Update: I was curious, so I ran it myself. These are the runtime results in Release mode (-Os), with 7,000,000 allocations.

arc-perf[43645:f803] outer: 8.1259
arc-perf[43645:f803] outer: 8.2089
arc-perf[43645:f803] outer: 9.1104

arc-perf[43645:f803] inner: 8.4817
arc-perf[43645:f803] inner: 8.3687
arc-perf[43645:f803] inner: 8.5470

arc-perf[43645:f803] withGoto: 7.6133
arc-perf[43645:f803] withGoto: 7.7465
arc-perf[43645:f803] withGoto: 7.7007

arc-perf[43645:f803] non-ARC: 7.3443
arc-perf[43645:f803] non-ARC: 7.3188
arc-perf[43645:f803] non-ARC: 7.3098

And the memory peaks (only run with 100,000 allocations, because Instruments was taking forever):

Outer: 2.55 MB
Inner: 723 KB
withGoto: ~747 KB
Non-ARC: ~748 KB

These results surprise me a little. Well, the memory peak results don't; it's exactly what you'd expect.

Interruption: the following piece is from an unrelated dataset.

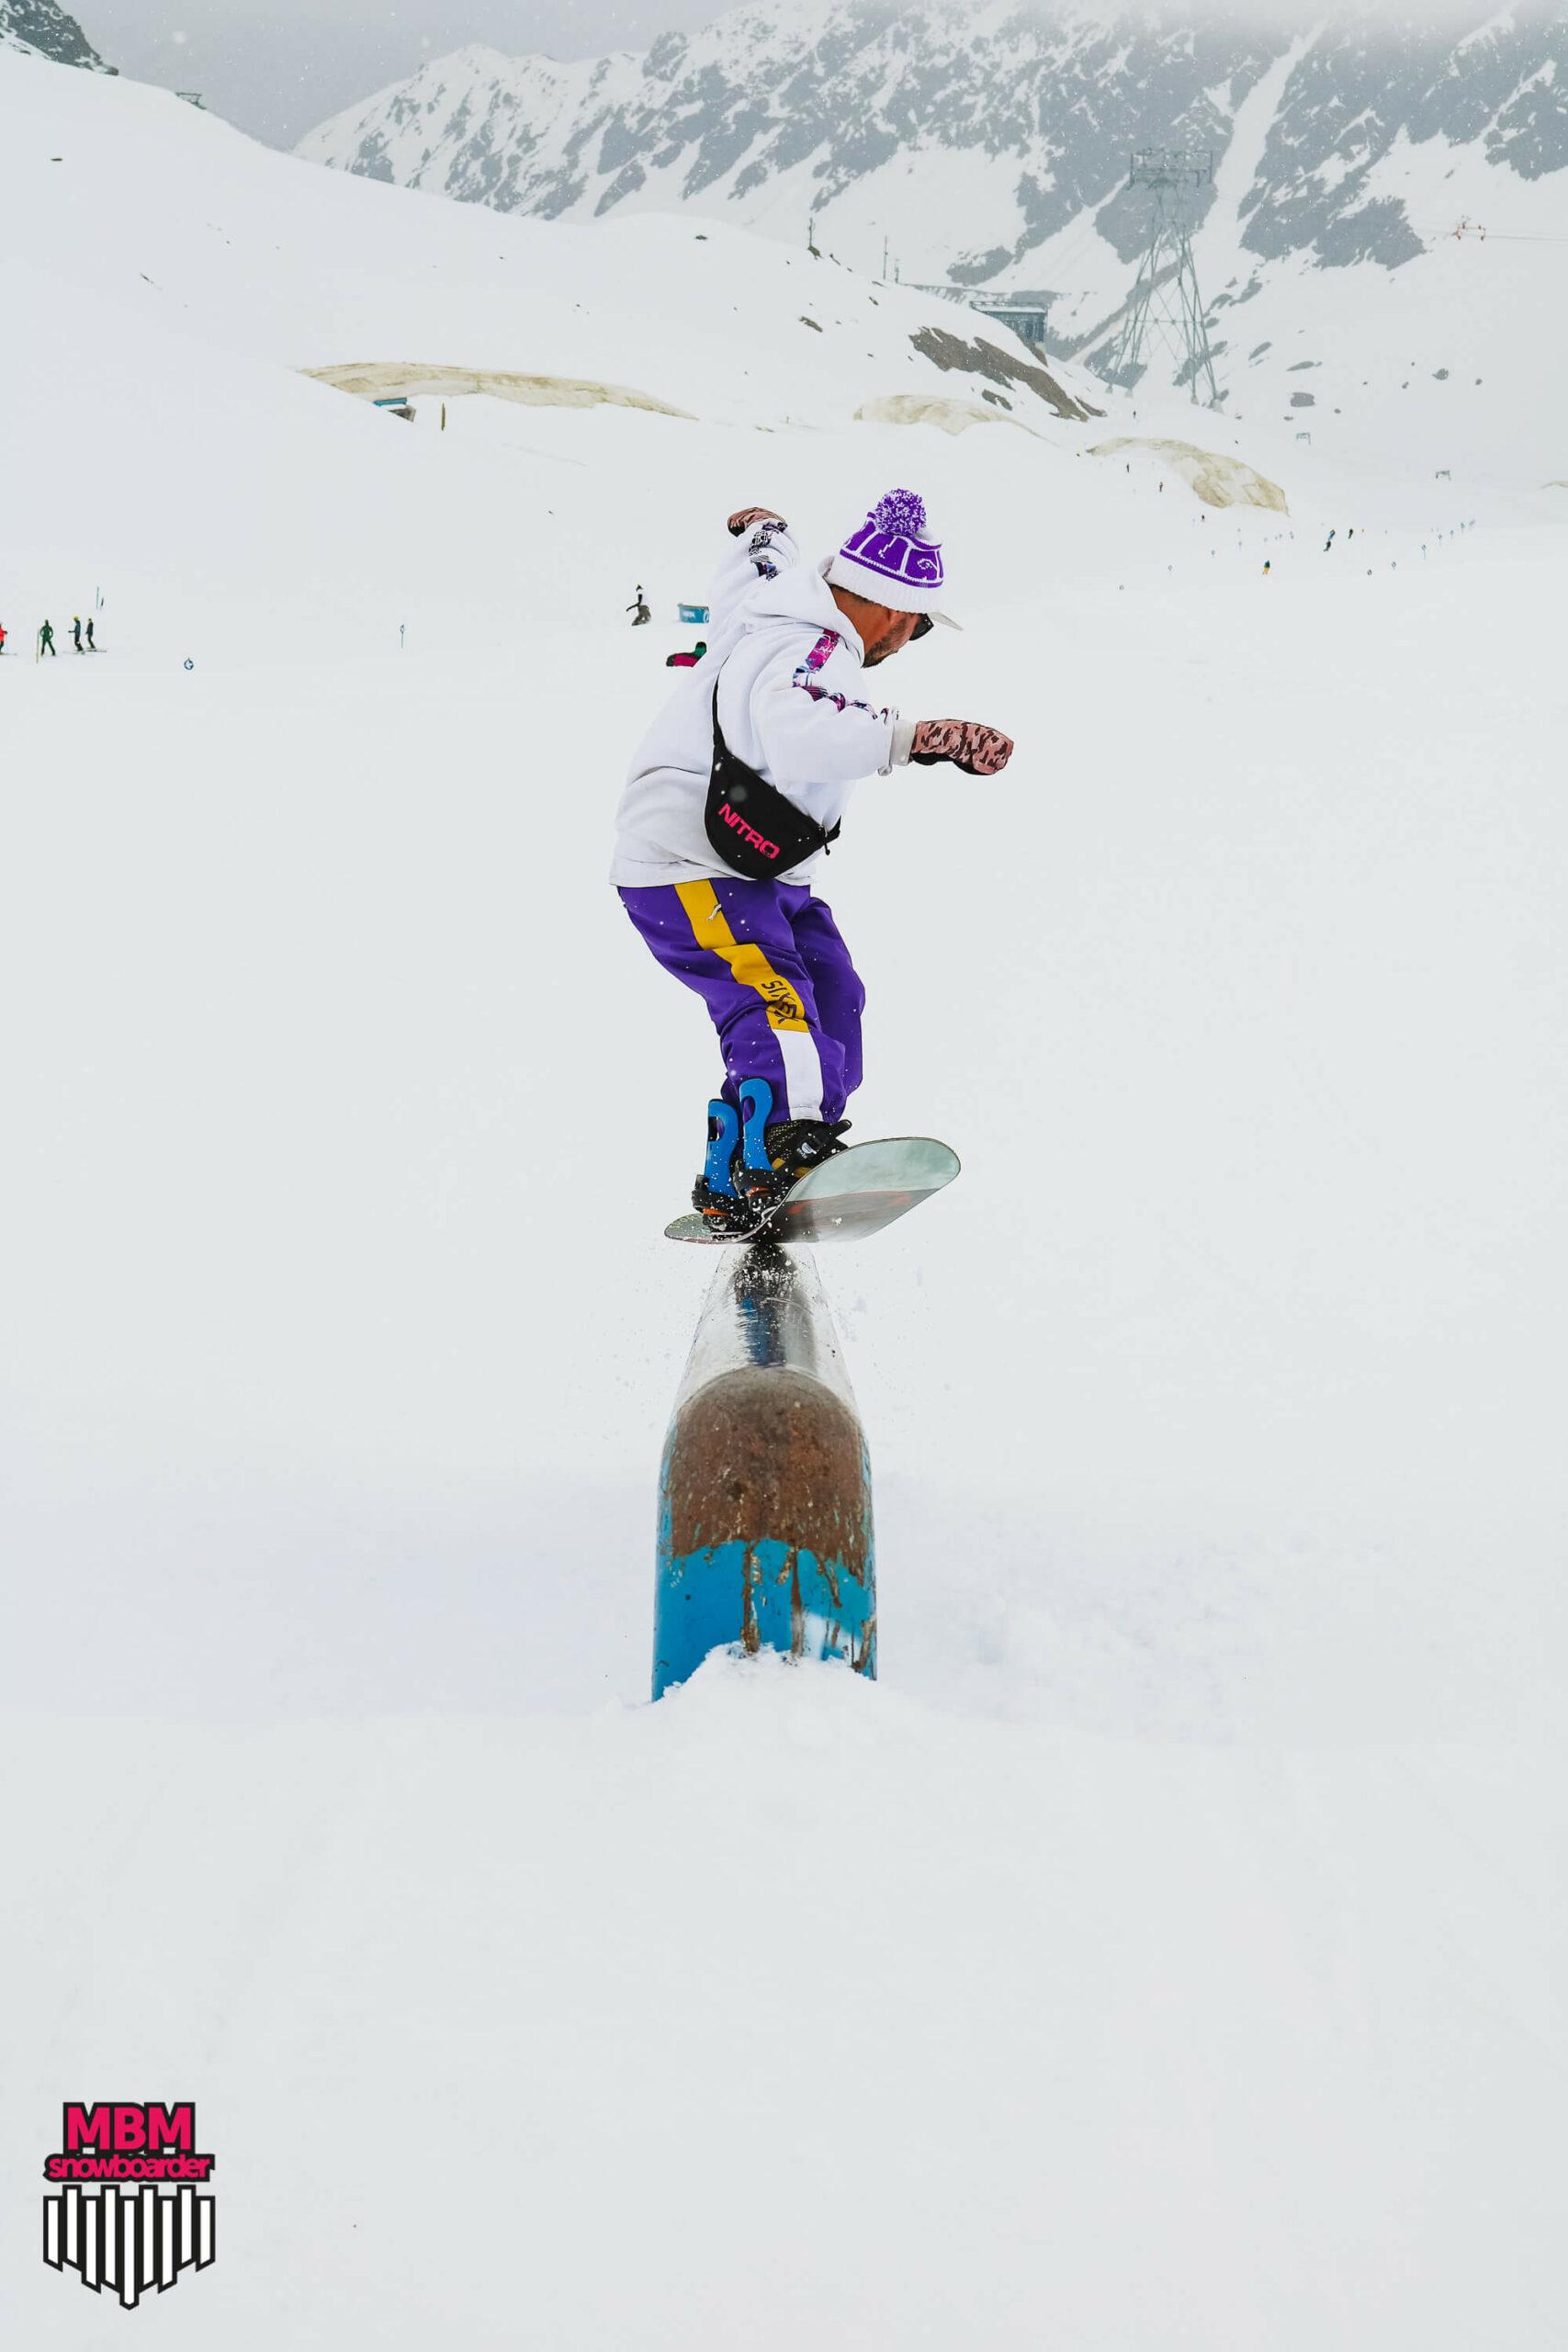 snowboarderMBM_sd_kaunertal_116
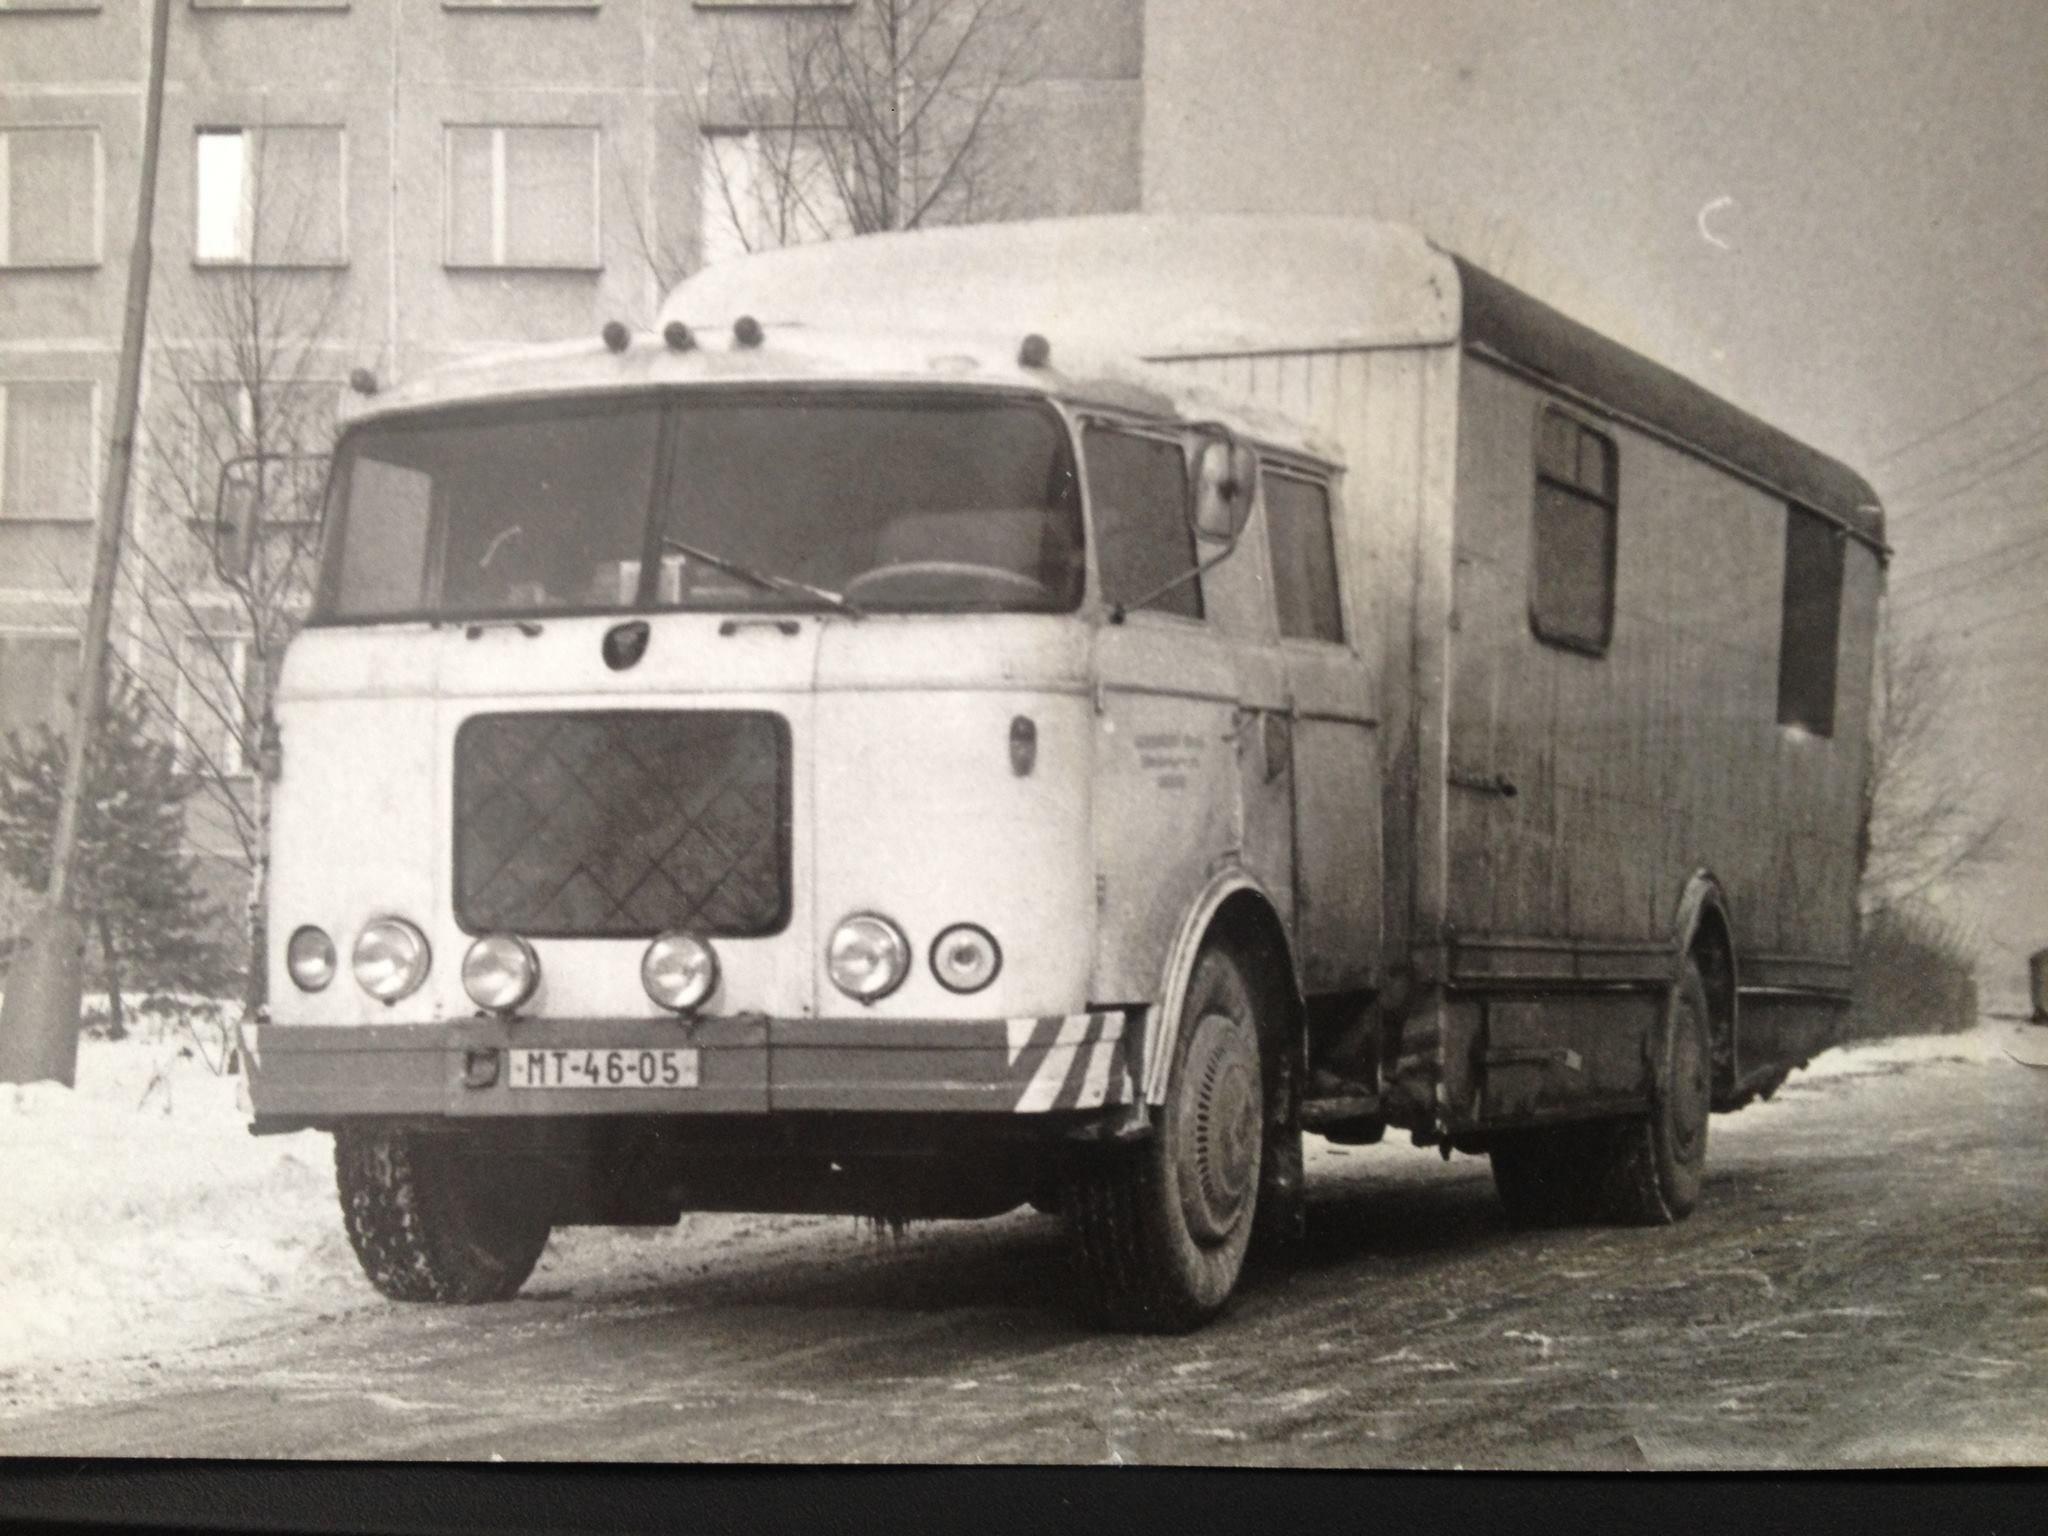 Asi pojazdný obchod, 80te roky

But the run time difference between inner and withGoto, even with optimizations enabled, is higher than what I would anticipate.

Of course, this is somewhat of a pathological micro-test, which is very unlikely to model real-world performance of any application. The takeaway here is that ARC may indeed some amount of overhead, but you should always measure your actual application before making assumptions.

(Also, I tested @ipmcc's answer using nested for loops; it behaved almost exactly like the goto version.)